**The task**.
Everything from the line with "two car garage with metal roofing" to the end of the data below, both lines included, should be transcribed exactly; please omit the pictures.

**Data provided**.
**********

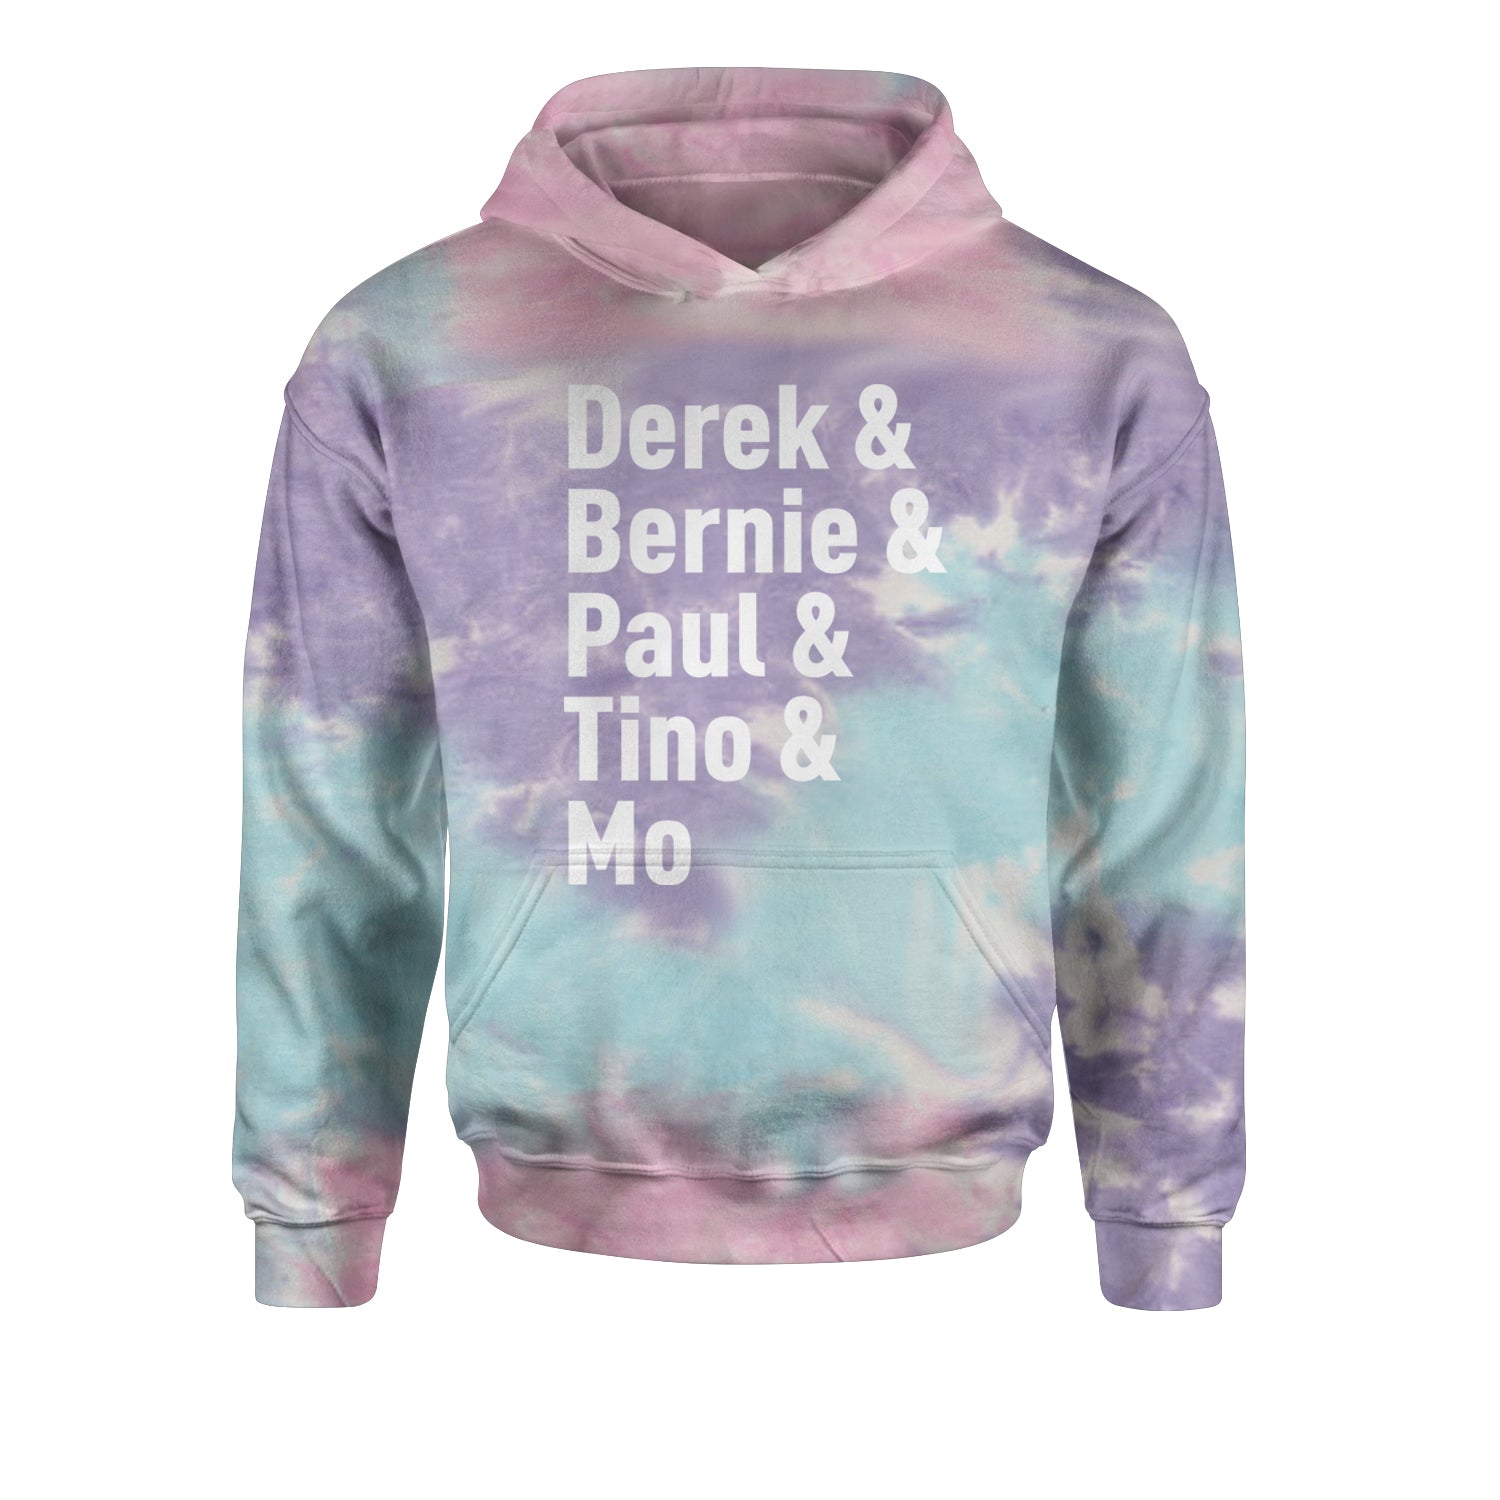 Derek and Bernie and Paul and Tino and Mo Youth-Sized Hoodie baseball, comes, here, judge, the by Expression Tees
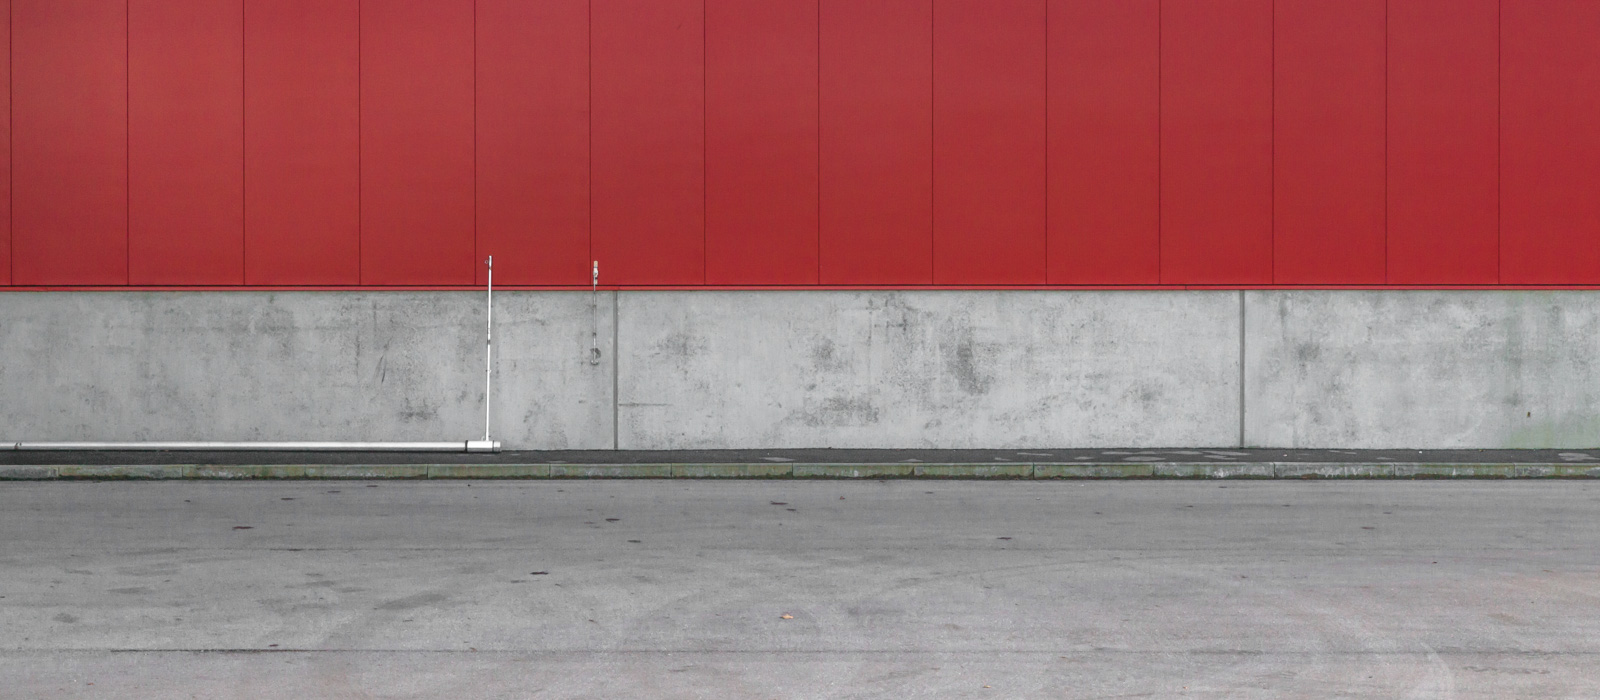 minimalistic horizontal image, seeming two-dimensional, showing a red steel wall with a concrete socket, a pedestrians walk and a street
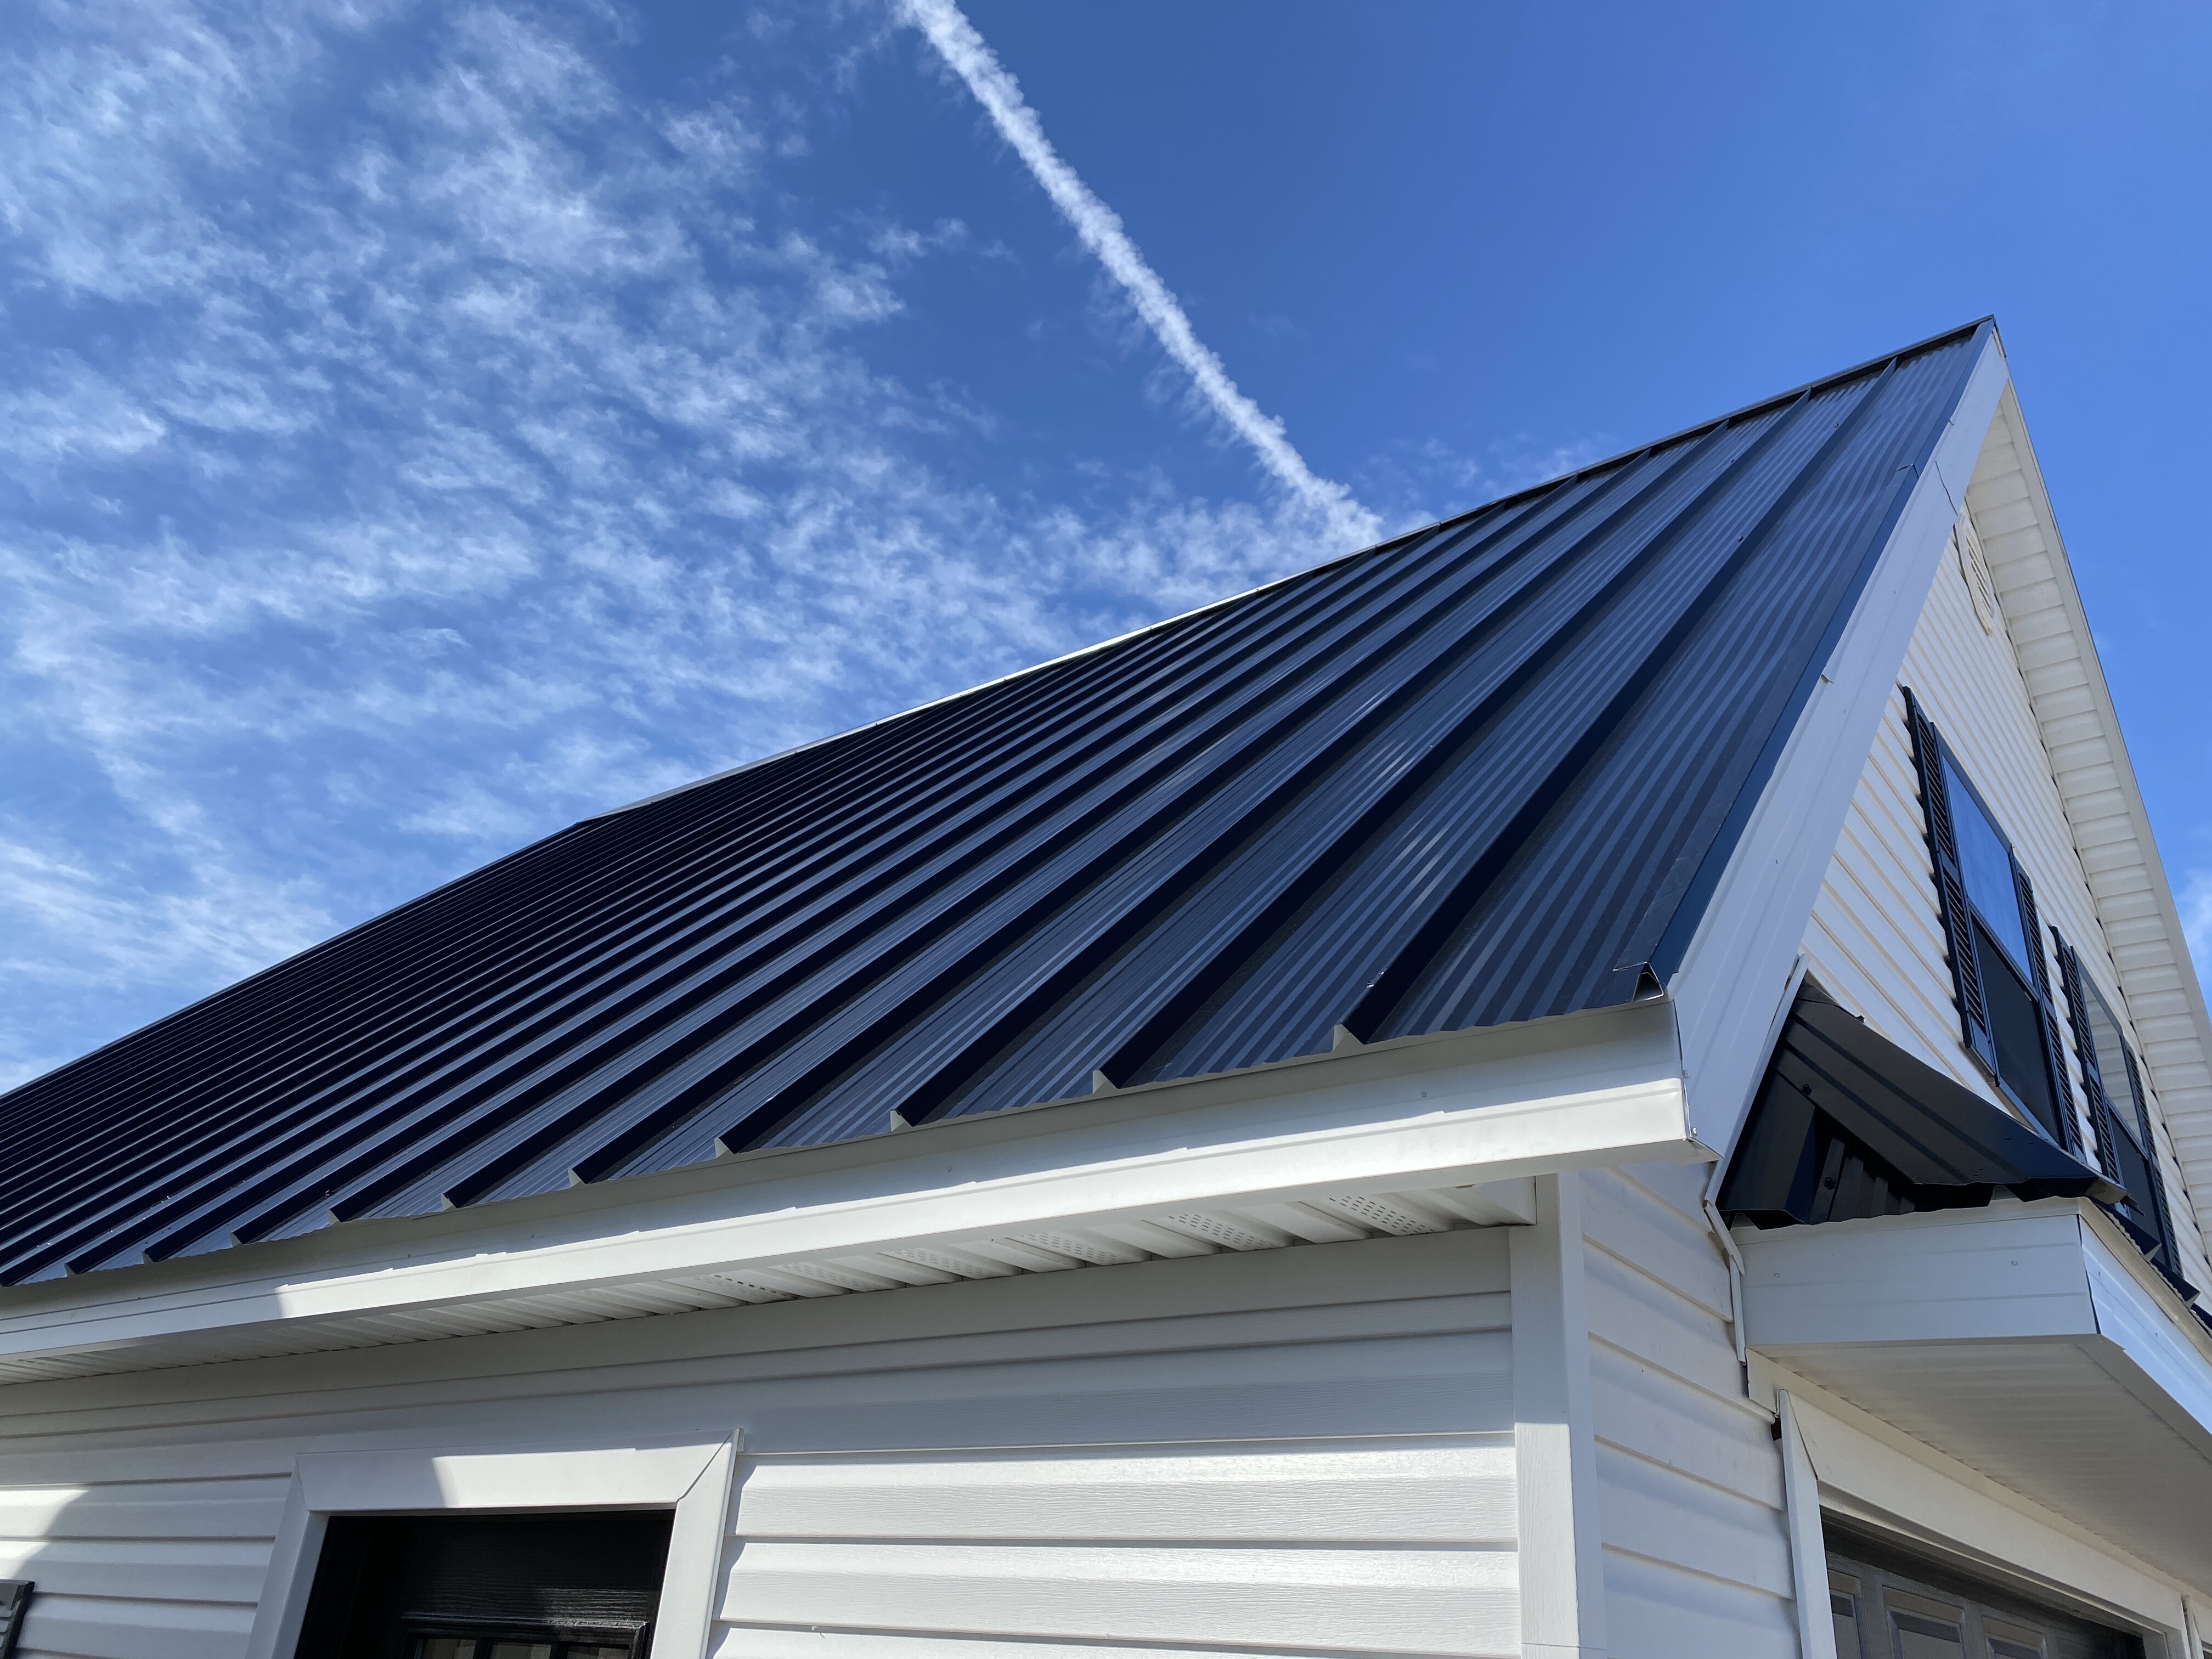 two car garage with metal roofing
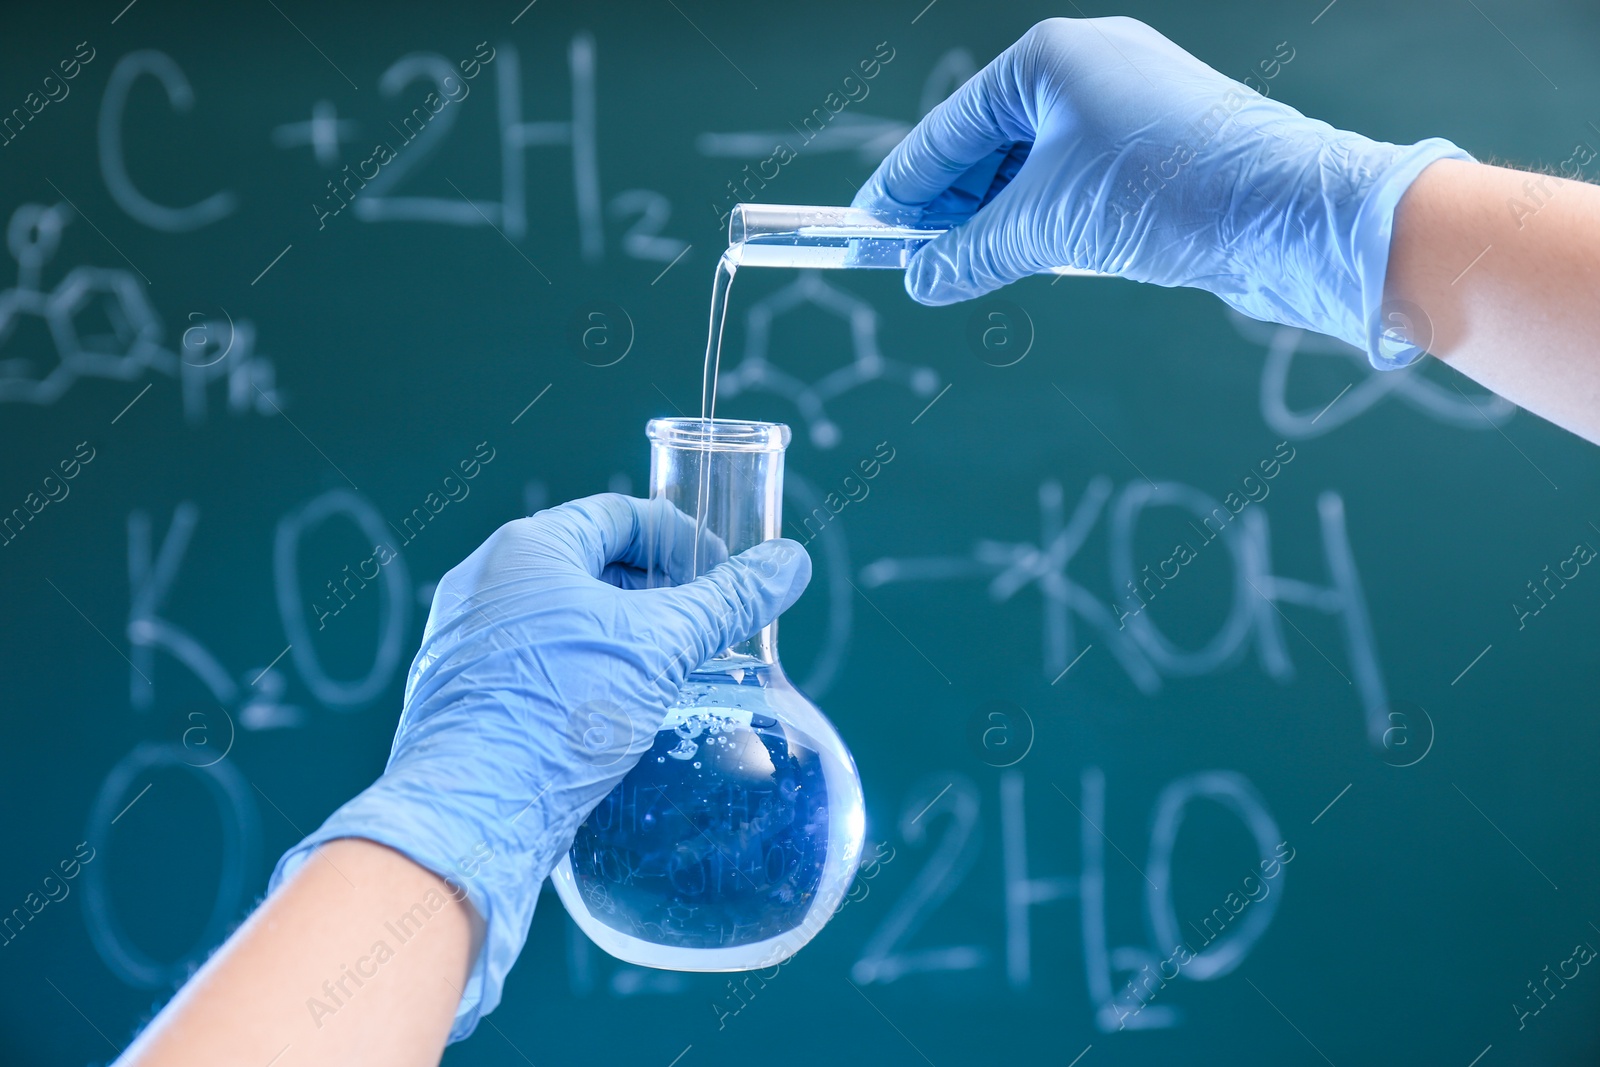 Photo of Scientist pouring liquid into flask against chalkboard, closeup. Chemistry glassware

**********

**Exercise result**.
 two car garage with metal roofing
 Photo of Scientist pouring liquid into flask against chalkboard, closeup. Chemistry glassware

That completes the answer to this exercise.